> **What you will do**
Produce the lines from the one containing "Camiseta Friedpick Tee" through the end of the material exactly as they appear, both ends included, and leave the pictures out.

> **Material provided**
-=-=-
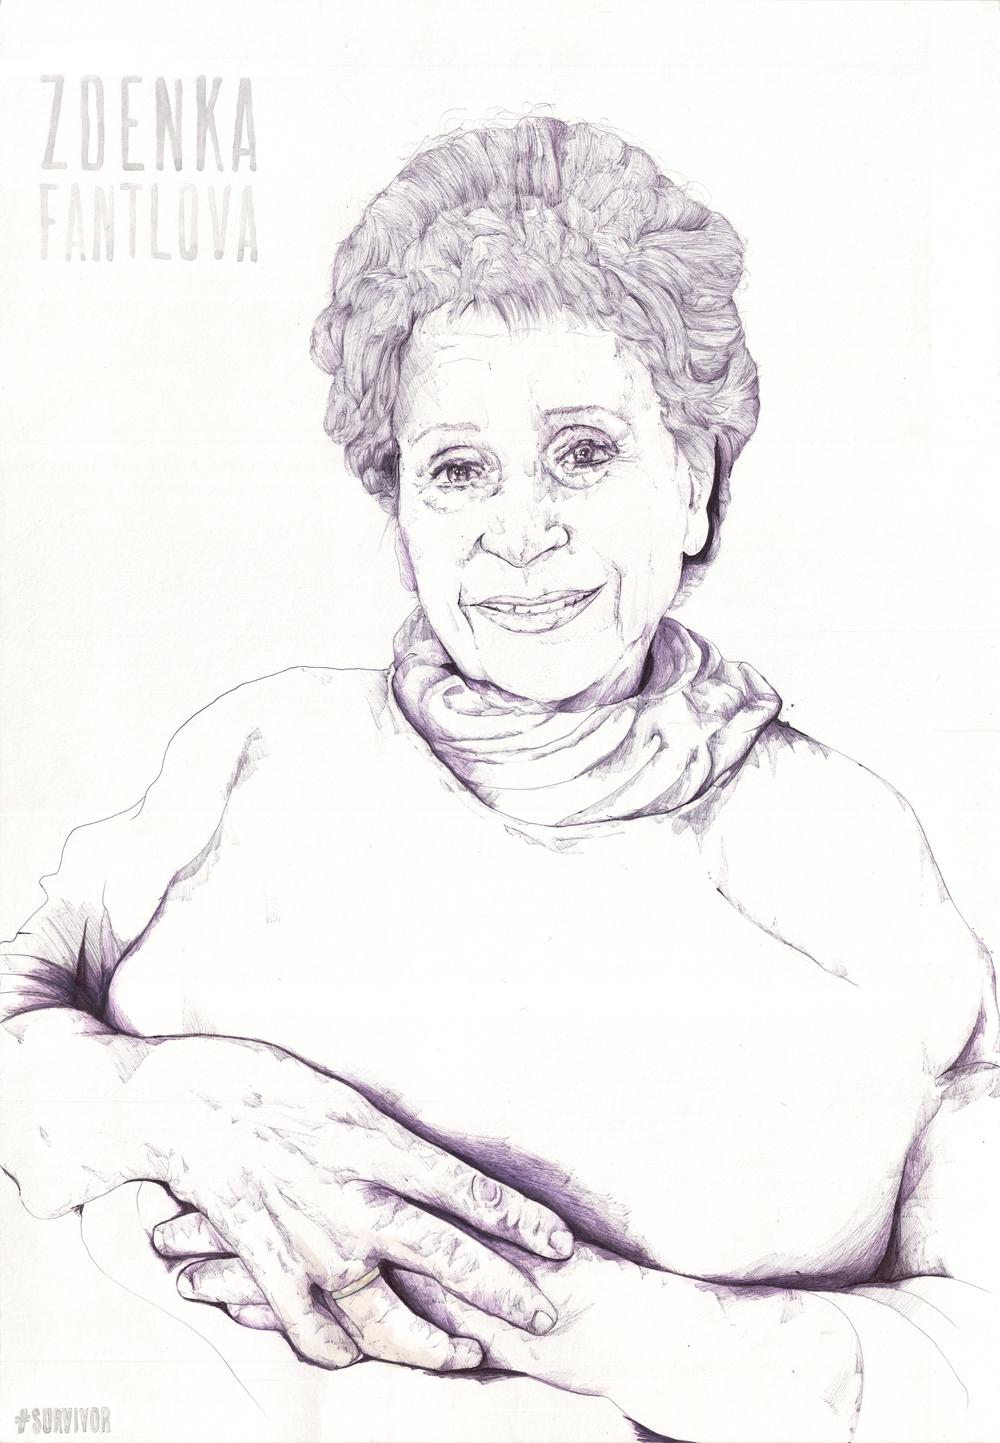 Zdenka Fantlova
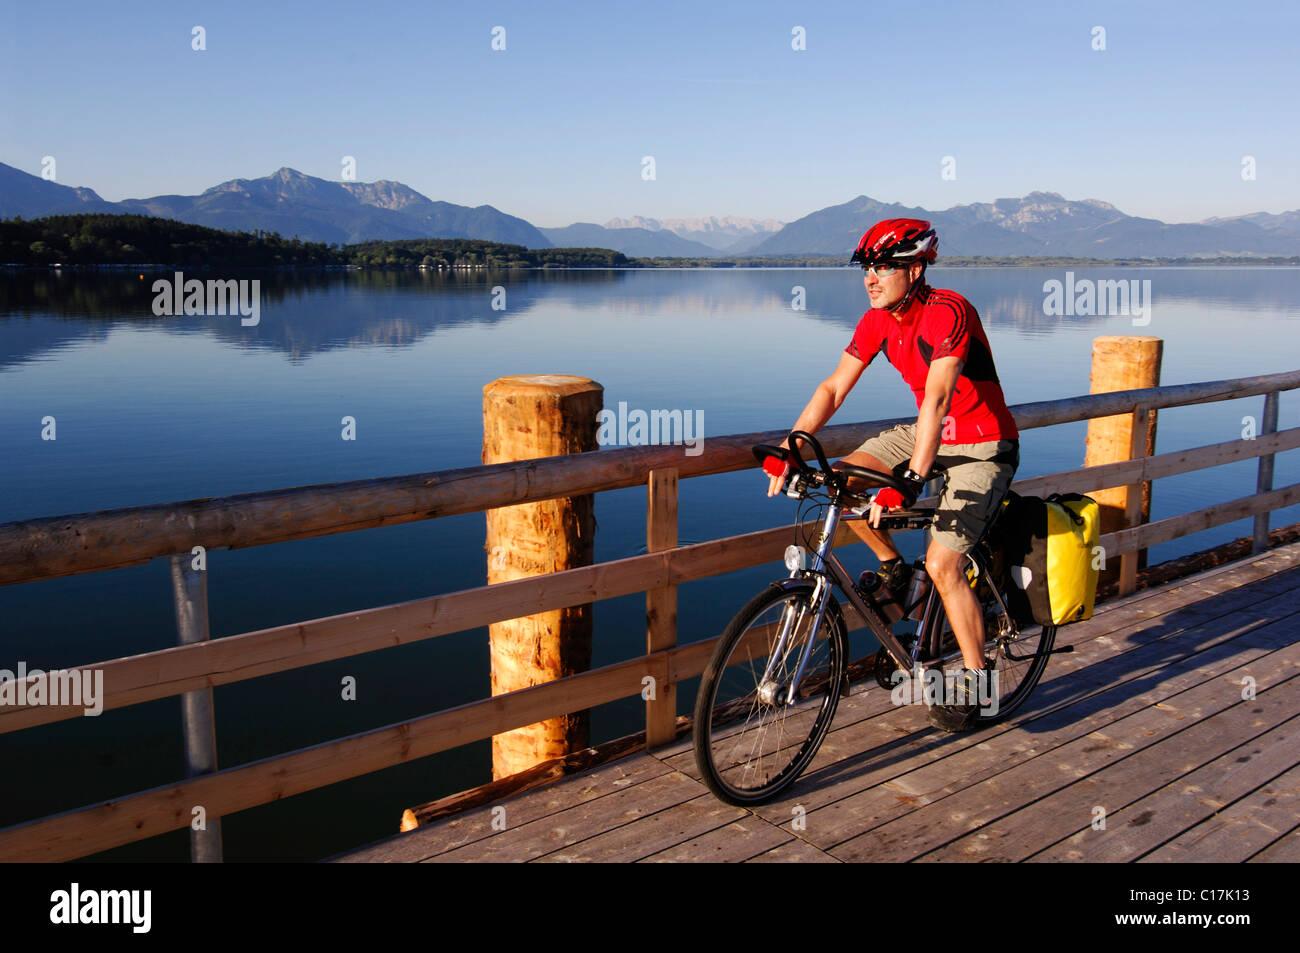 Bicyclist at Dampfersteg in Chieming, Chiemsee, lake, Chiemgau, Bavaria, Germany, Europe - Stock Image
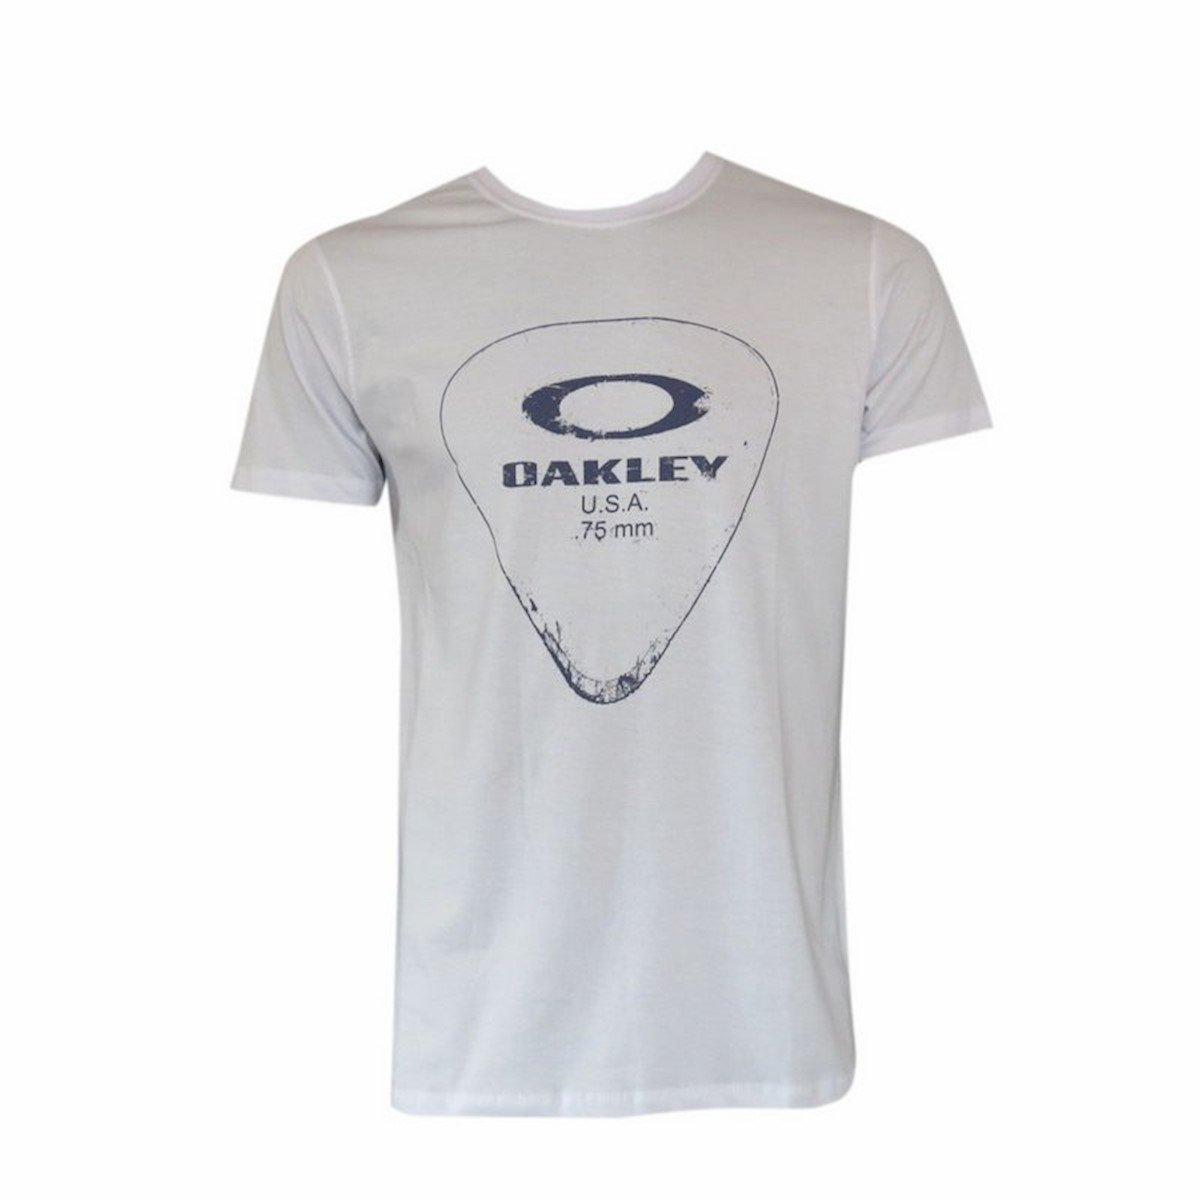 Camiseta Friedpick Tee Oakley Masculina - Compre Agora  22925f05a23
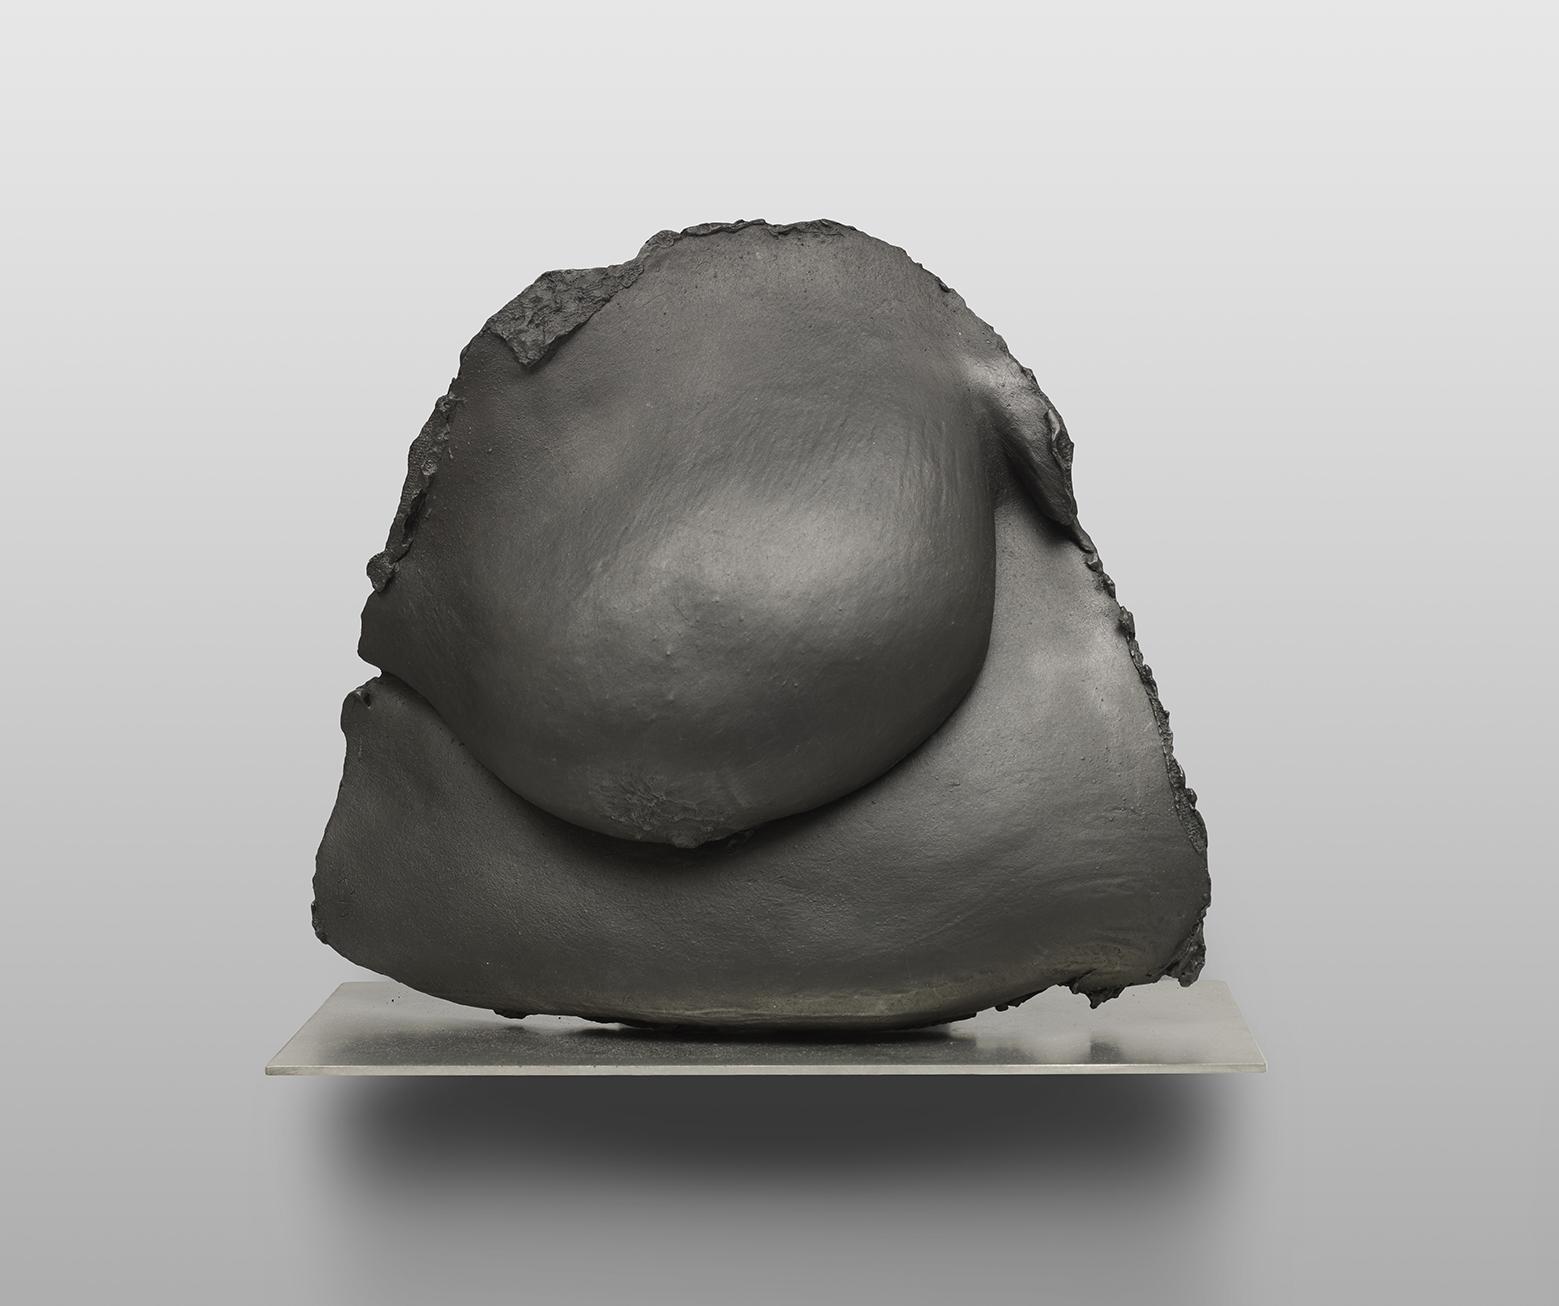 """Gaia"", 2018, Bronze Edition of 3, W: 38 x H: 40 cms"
-=-=-
> **Output**
 Camiseta Friedpick Tee Oakley Masculina - Compre Agora  22925f05a23
 """Gaia"", 2018, Bronze Edition of 3, W: 38 x H: 40 cms"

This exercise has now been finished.